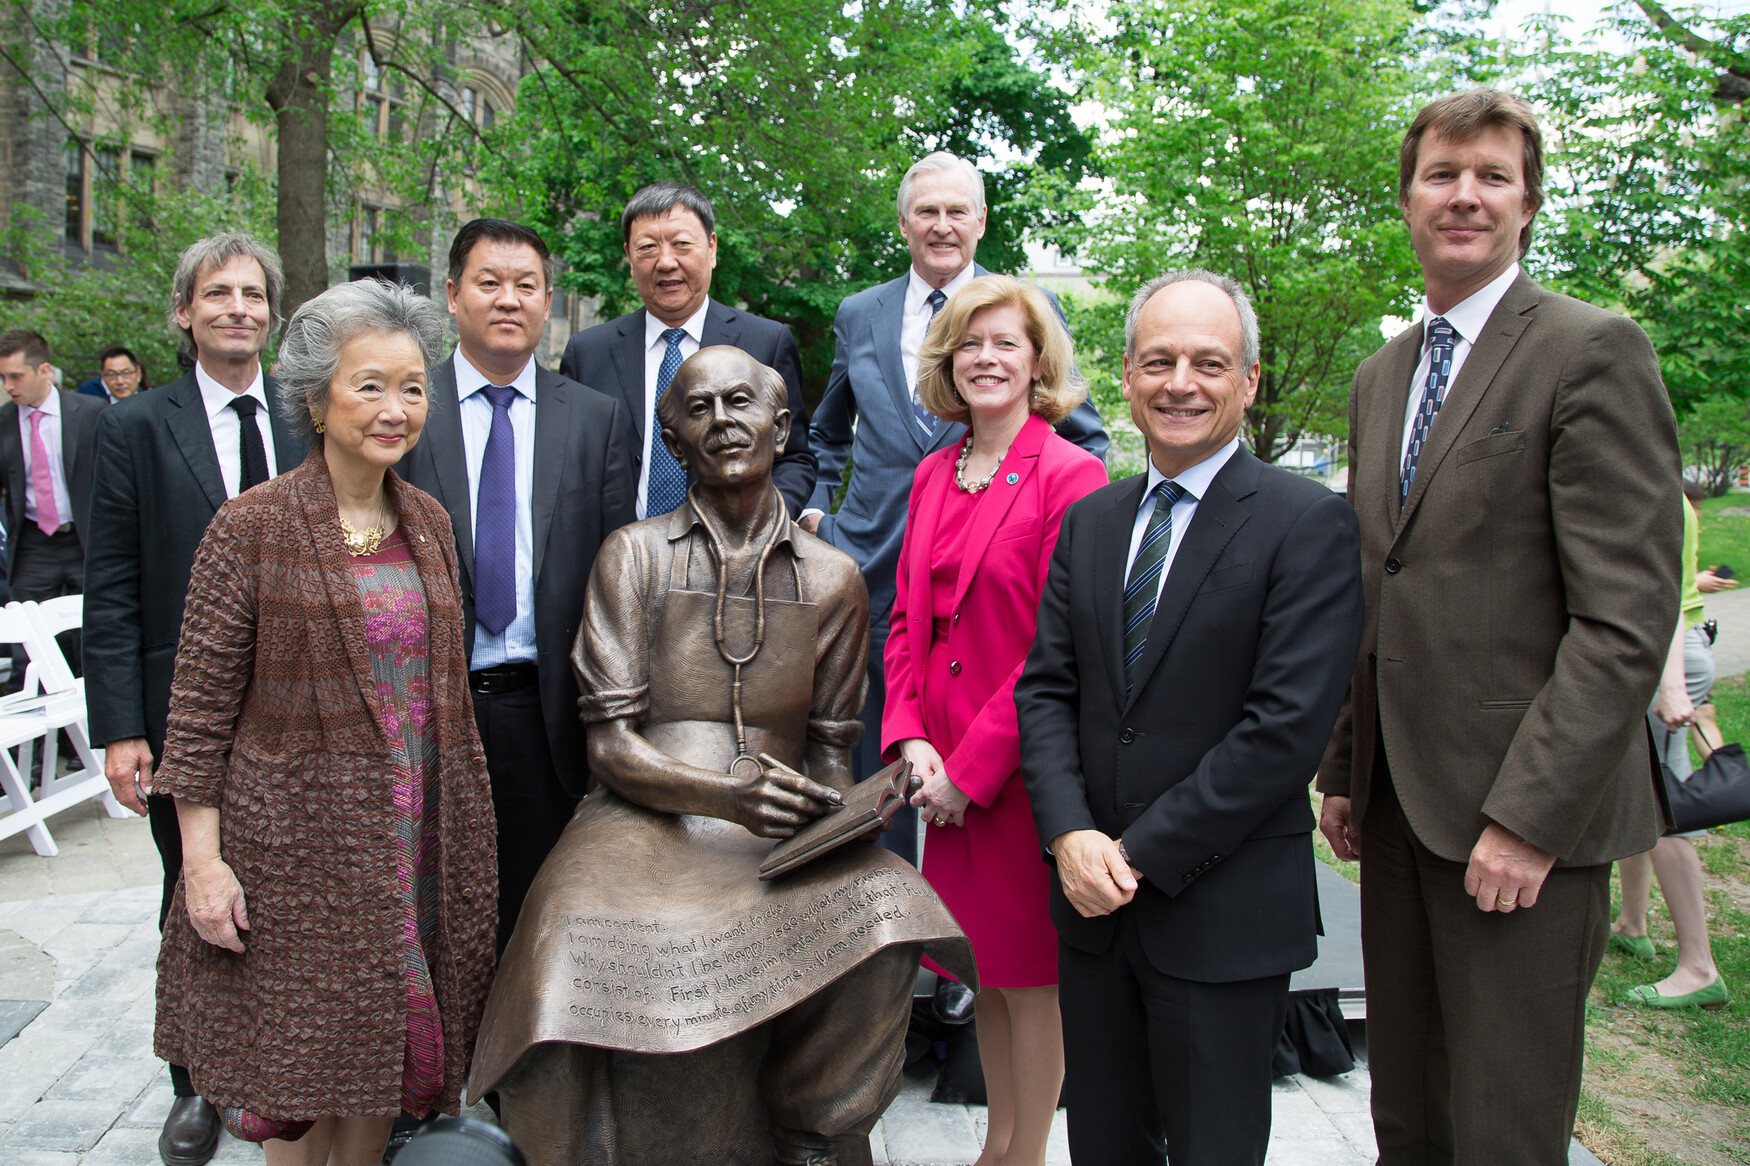 The new sculpture of Norman Bethune was unveiled May 30. Picture are (left to right): David Pellettier, Adrienne Clarkson, Zhang Bin, Niu Gensheng, Michael Wilson, Catharine Whiteside, Meric Gertler and Dr. David Price, a member of the Bethune family.
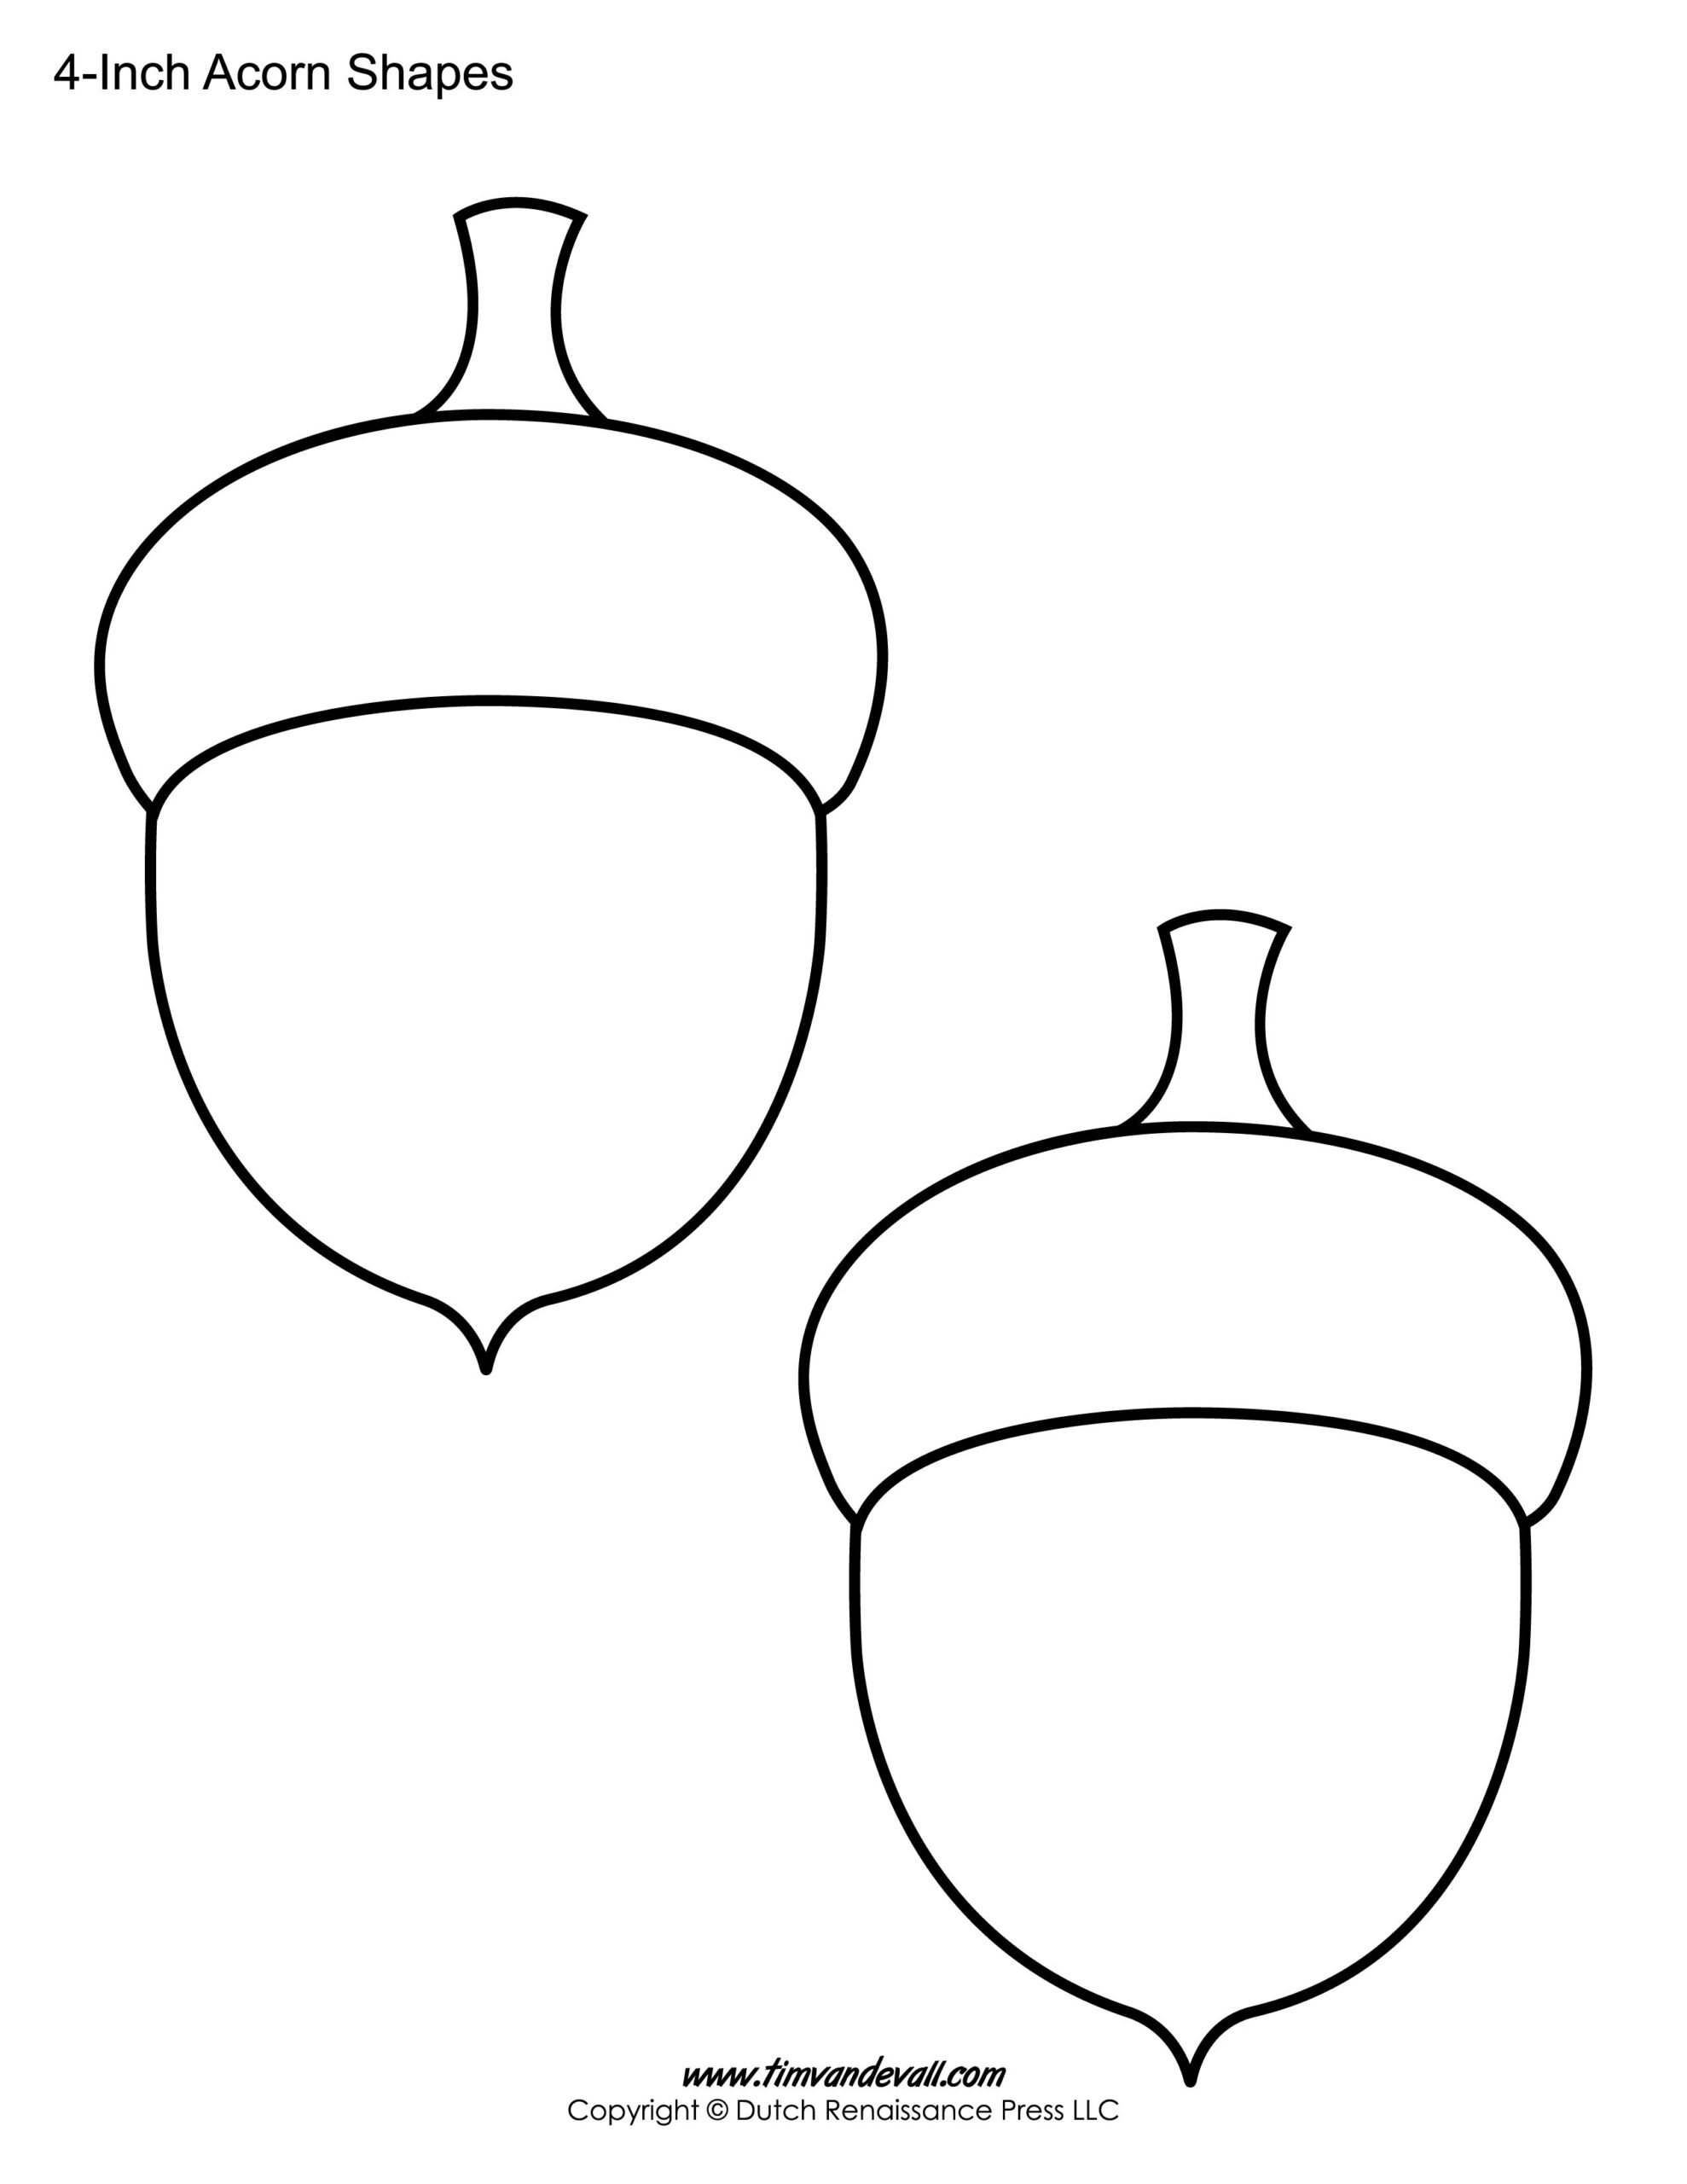 Free Acorn Templates For Crafts
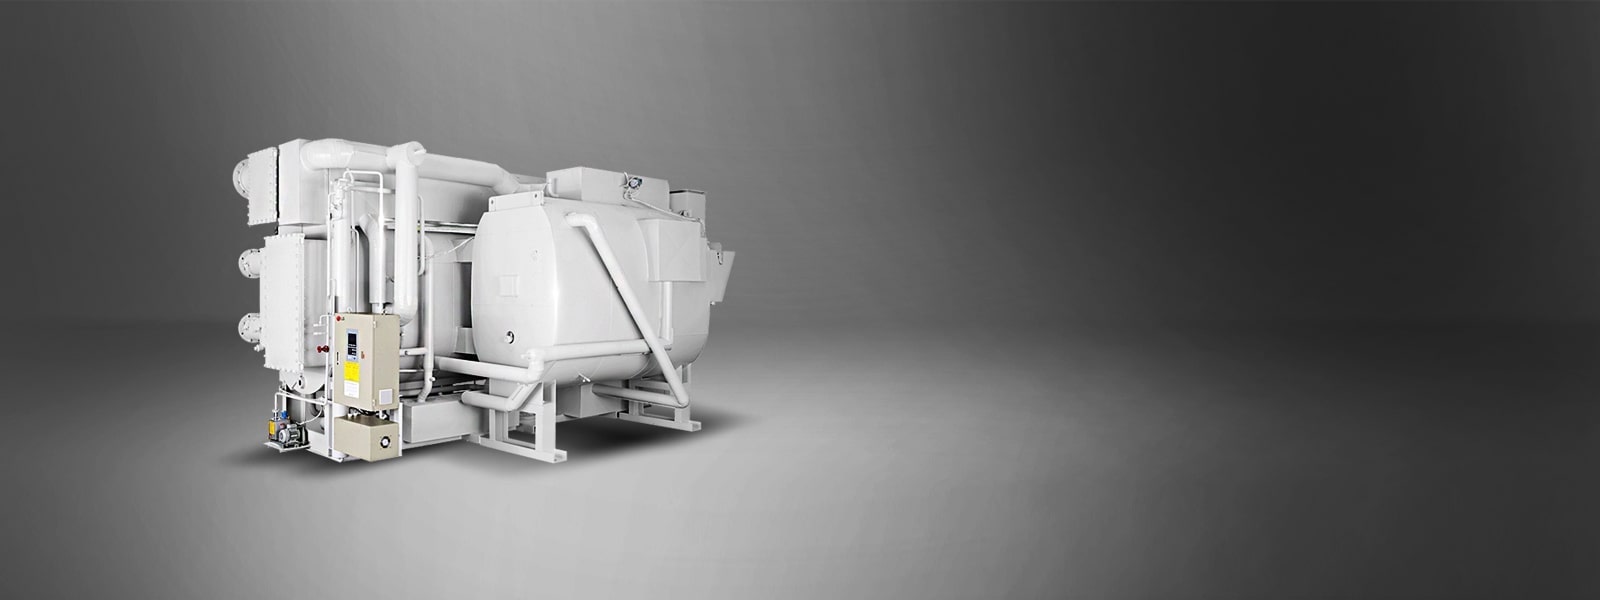 LG Absorption Chiller Direct Fired Type, showcased in a muted grey hue, consists of a series of linear and cylindrical pipe assemblies.

- EXERCISE
Nothing but the lines from the one that contains "Free Acorn Templates For Crafts" through the last line of the material should be written out, exactly. Omit pictures.

- EXERCISE OUTPUT
 Free Acorn Templates For Crafts
 LG Absorption Chiller Direct Fired Type, showcased in a muted grey hue, consists of a series of linear and cylindrical pipe assemblies.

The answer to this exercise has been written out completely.